» TASK DIRECTIONS
Would you repeat the listing below exactly, with no pictures in it?

START DATA SEGMENT

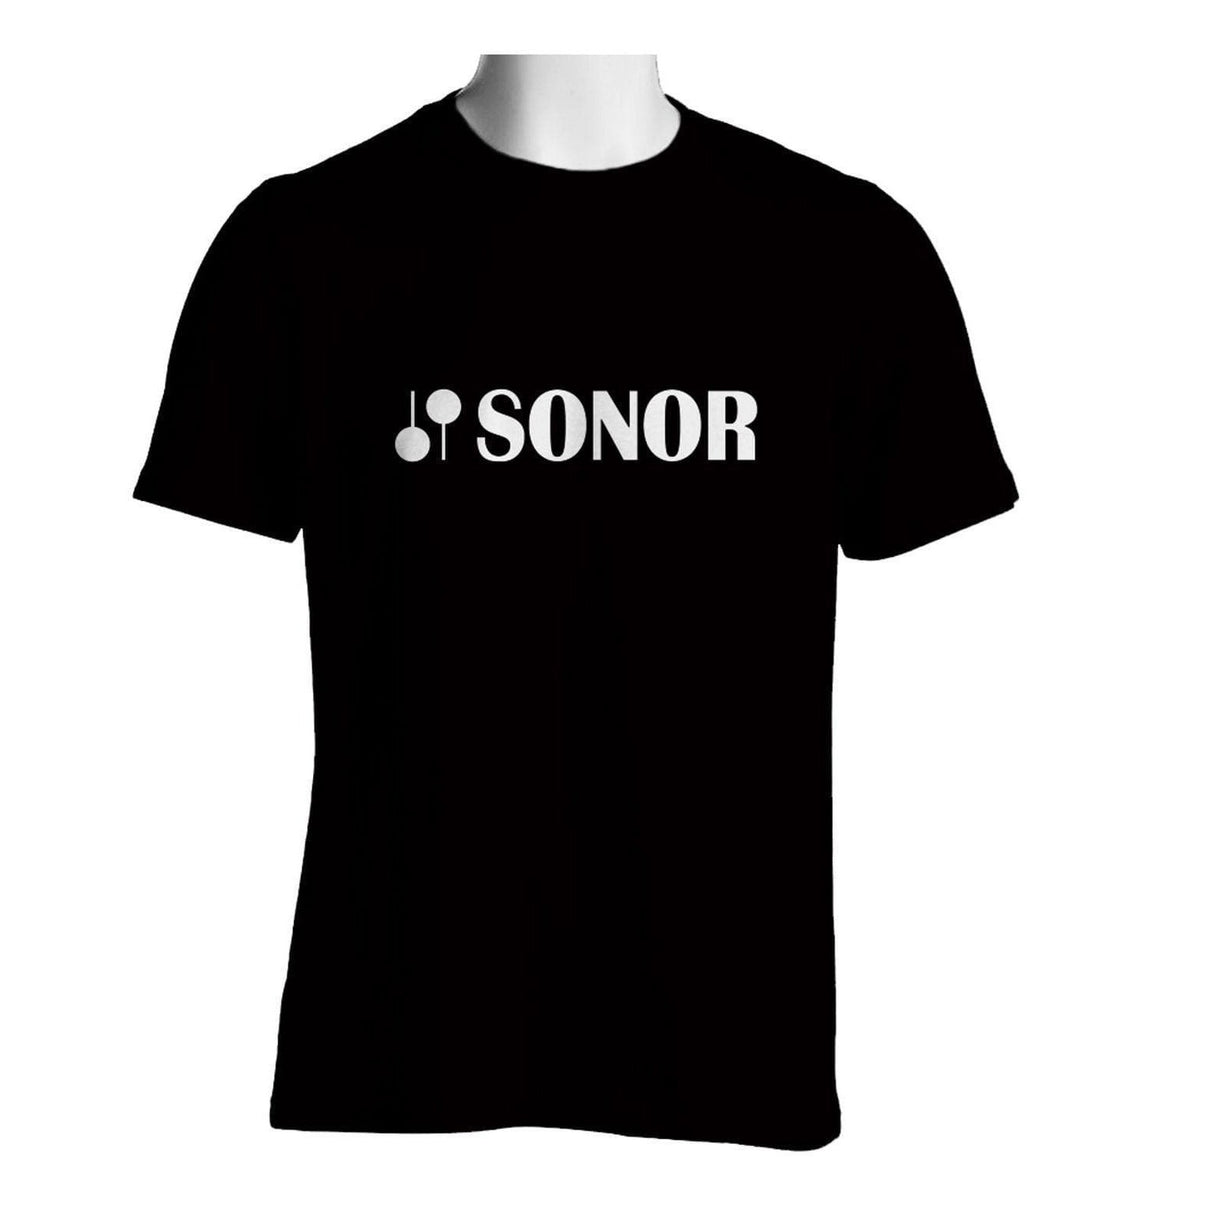 Sonor T-Shirt Black - Small
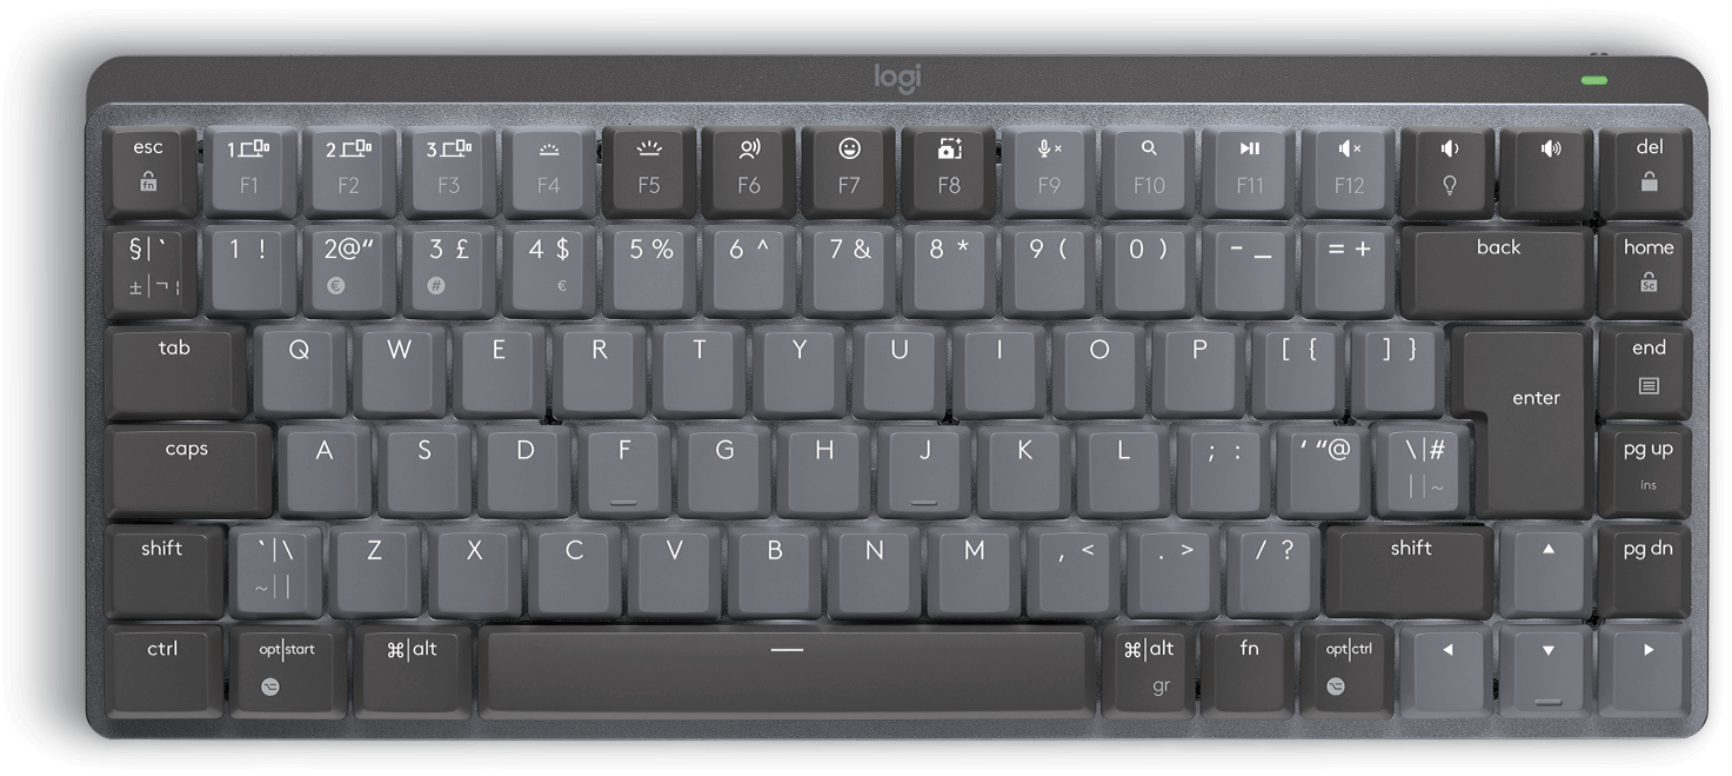 Image: main keyboard
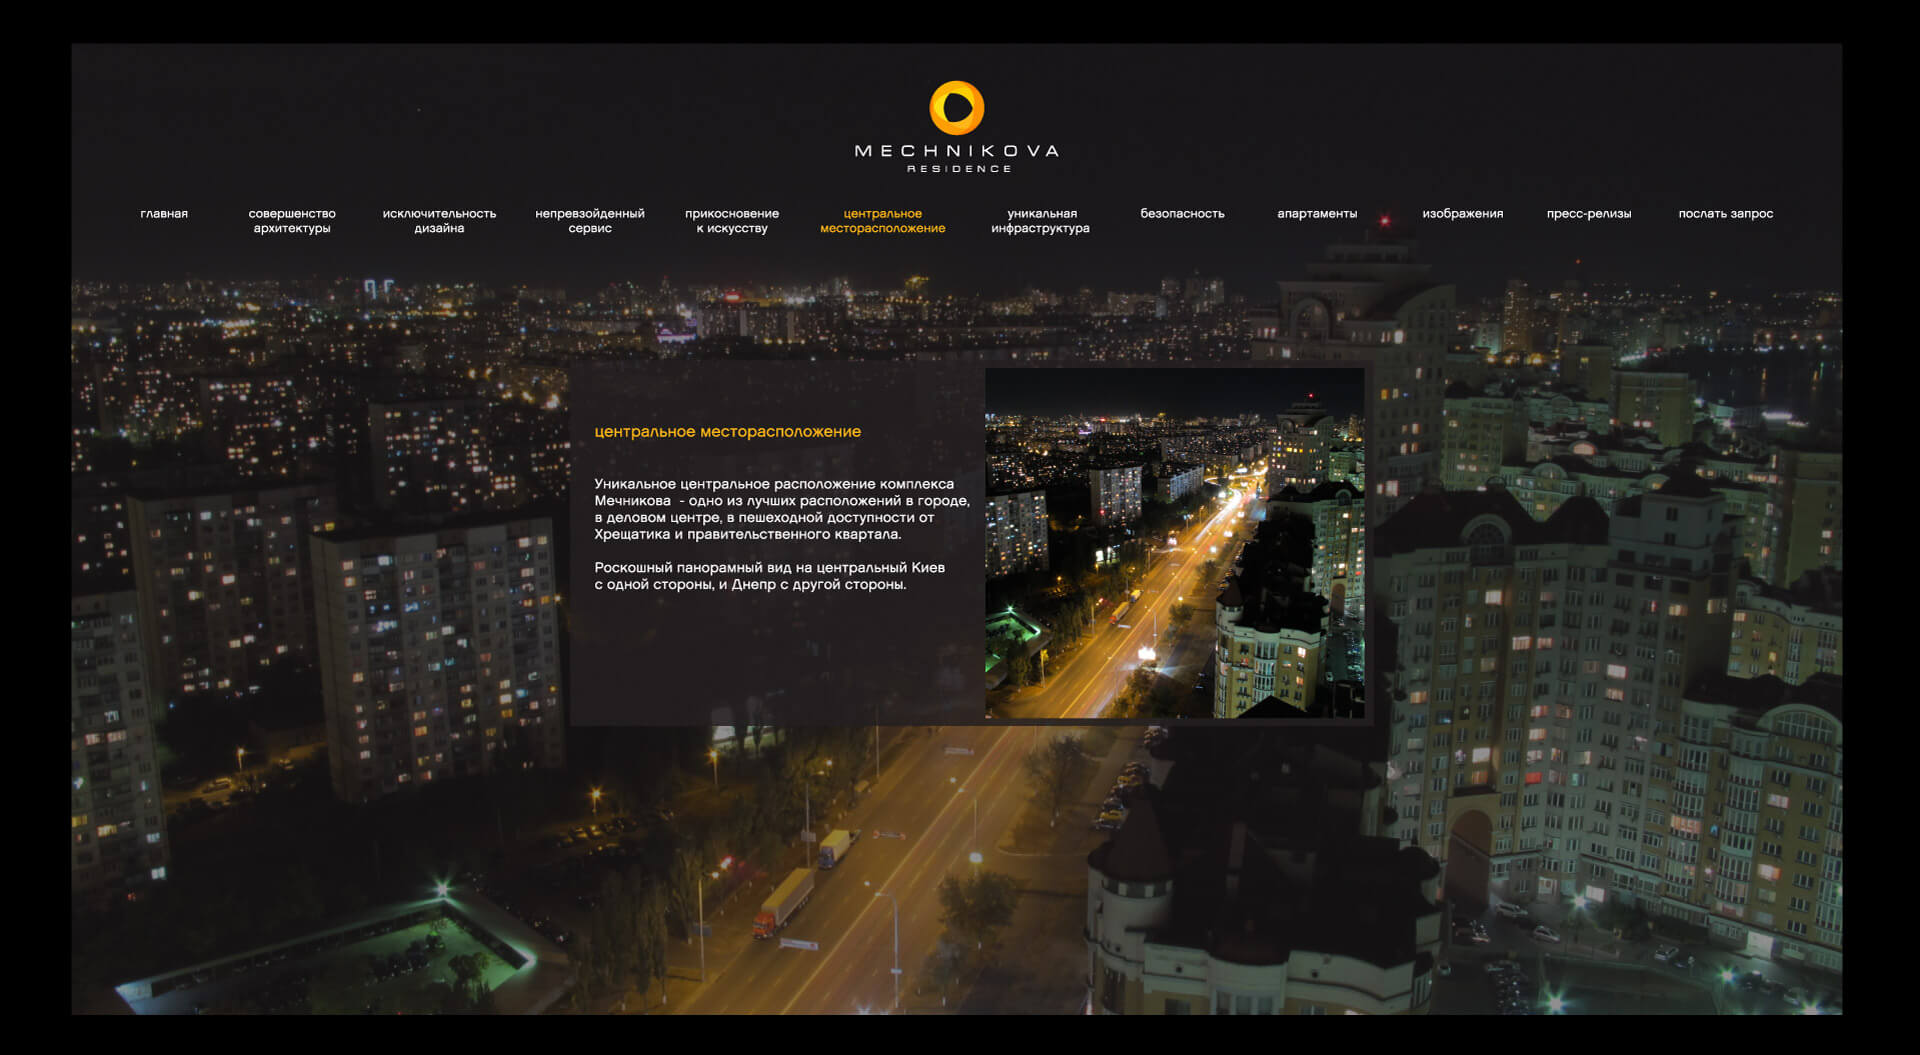 Residential luxury property branding, Mechnikova location, website design for Continuum Ukraine

END DATA SEGMENT

» WORKED SOLUTION
 Sonor T-Shirt Black - Small
 Image: main keyboard
 Residential luxury property branding, Mechnikova location, website design for Continuum Ukraine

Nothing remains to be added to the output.